DIRECTIONS FOR THIS TASK: Go through the entries below and print, exactly, the lines starting at the one with "We Rugs Beautiful" and ending at the one with "De Bijenkorf name", keeping both ends and no others.

SUPPLIED RECORDS:
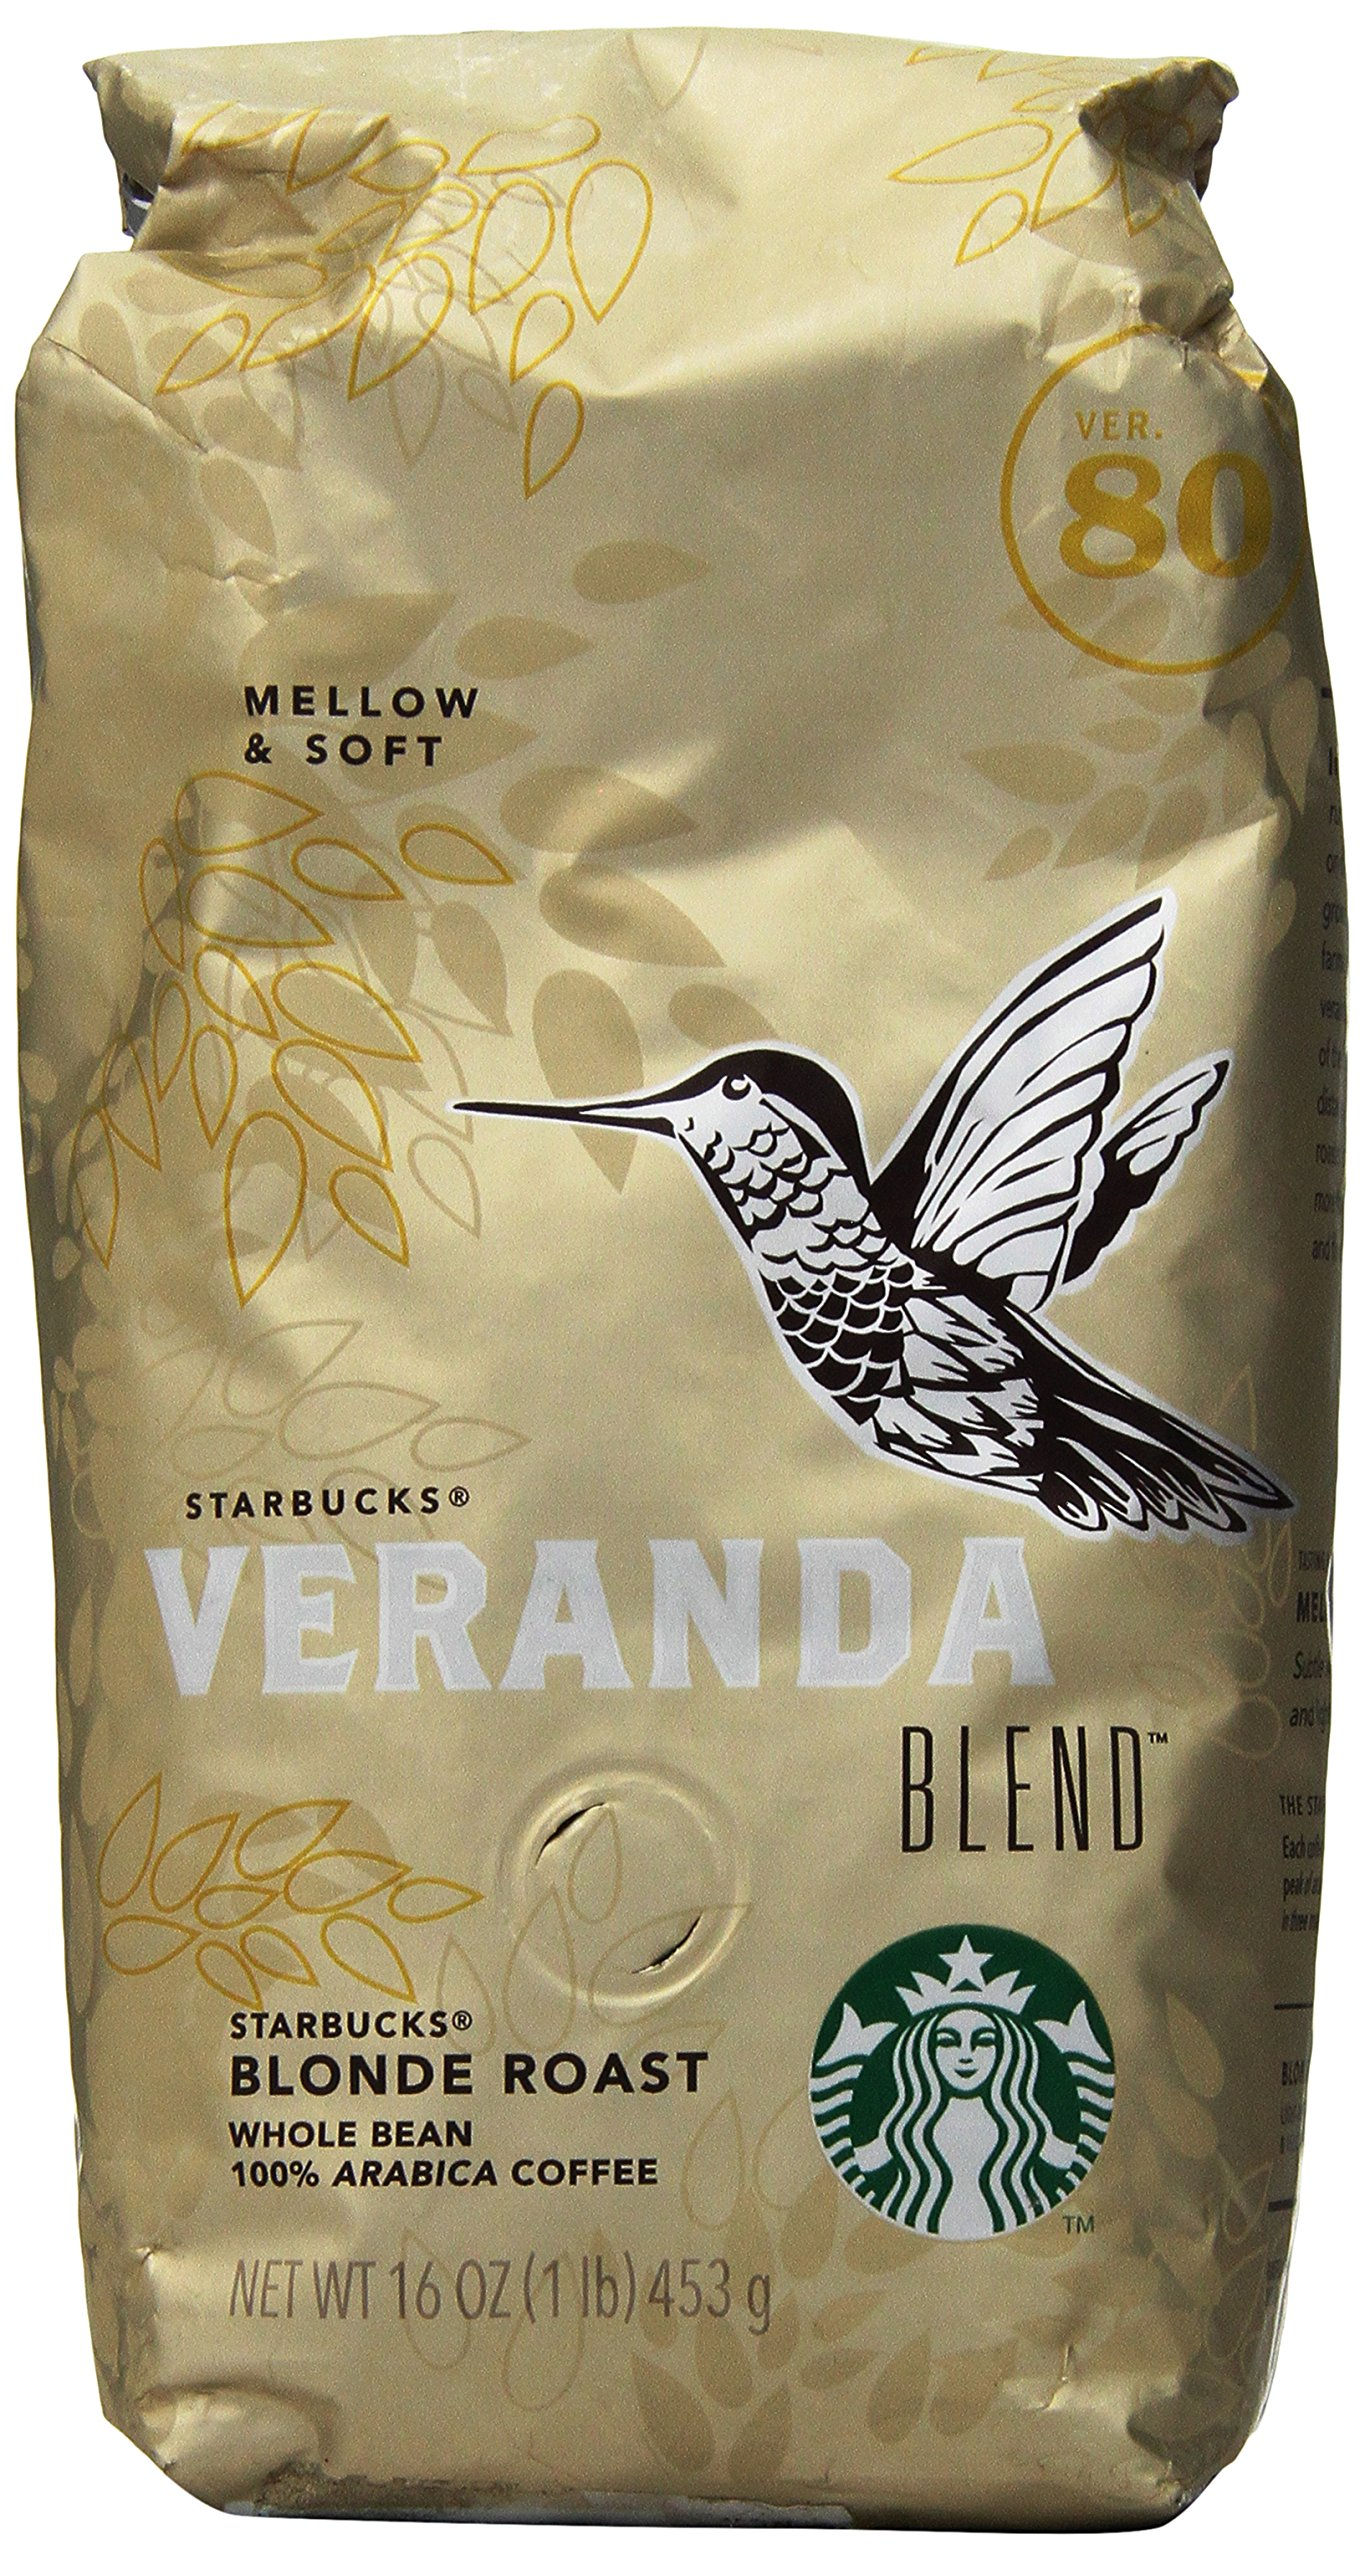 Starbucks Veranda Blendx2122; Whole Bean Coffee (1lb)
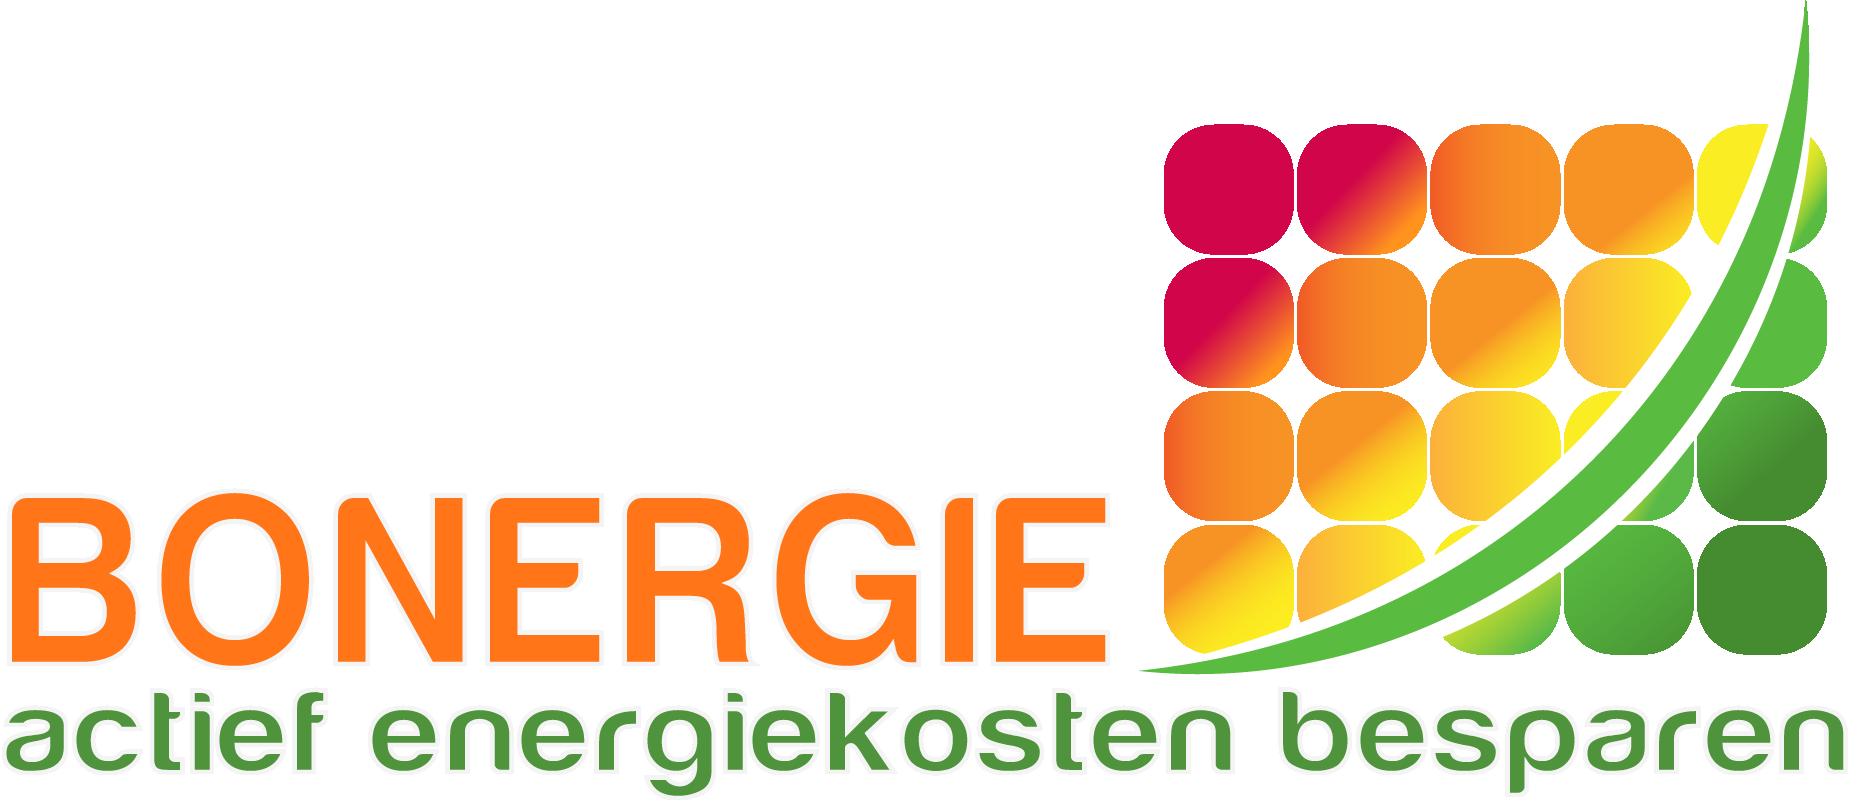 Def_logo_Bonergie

...

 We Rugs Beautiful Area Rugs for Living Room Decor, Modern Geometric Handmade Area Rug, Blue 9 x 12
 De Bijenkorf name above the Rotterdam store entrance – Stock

EXPECTED ANSWER:
 We Rugs Beautiful Area Rugs for Living Room Decor, Modern Geometric Handmade Area Rug, Blue 9 x 12
 De Bijenkorf name above the Rotterdam store entrance – Stock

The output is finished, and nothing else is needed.